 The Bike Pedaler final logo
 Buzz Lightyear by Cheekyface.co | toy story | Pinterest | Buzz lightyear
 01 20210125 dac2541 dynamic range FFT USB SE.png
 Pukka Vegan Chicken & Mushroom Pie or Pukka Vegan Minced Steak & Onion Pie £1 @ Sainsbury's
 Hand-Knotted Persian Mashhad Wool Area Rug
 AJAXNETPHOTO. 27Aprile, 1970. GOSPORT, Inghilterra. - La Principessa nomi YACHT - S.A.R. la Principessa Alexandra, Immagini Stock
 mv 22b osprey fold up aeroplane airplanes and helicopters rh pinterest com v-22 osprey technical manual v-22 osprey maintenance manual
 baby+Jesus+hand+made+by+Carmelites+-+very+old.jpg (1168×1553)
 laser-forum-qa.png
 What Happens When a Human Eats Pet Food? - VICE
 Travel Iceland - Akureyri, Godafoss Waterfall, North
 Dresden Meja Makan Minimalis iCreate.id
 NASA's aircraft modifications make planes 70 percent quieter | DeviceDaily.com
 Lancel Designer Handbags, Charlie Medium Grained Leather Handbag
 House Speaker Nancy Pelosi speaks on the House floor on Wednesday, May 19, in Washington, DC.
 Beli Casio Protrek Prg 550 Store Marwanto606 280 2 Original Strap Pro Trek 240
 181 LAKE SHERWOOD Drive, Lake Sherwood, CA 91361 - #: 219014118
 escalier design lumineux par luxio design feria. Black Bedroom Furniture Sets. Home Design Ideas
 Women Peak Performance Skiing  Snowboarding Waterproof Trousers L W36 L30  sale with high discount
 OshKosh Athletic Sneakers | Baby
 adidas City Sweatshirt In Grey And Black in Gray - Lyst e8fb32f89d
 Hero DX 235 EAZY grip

• • •

Task goal: Take the listing above and repeat exactly the lines from the one containing "01 20210125 dac2541" through the one containing "Hand-Knotted Persian Mashhad Wool Area Rug", both included.

Exercise response:
 01 20210125 dac2541 dynamic range FFT USB SE.png
 Pukka Vegan Chicken & Mushroom Pie or Pukka Vegan Minced Steak & Onion Pie £1 @ Sainsbury's
 Hand-Knotted Persian Mashhad Wool Area Rug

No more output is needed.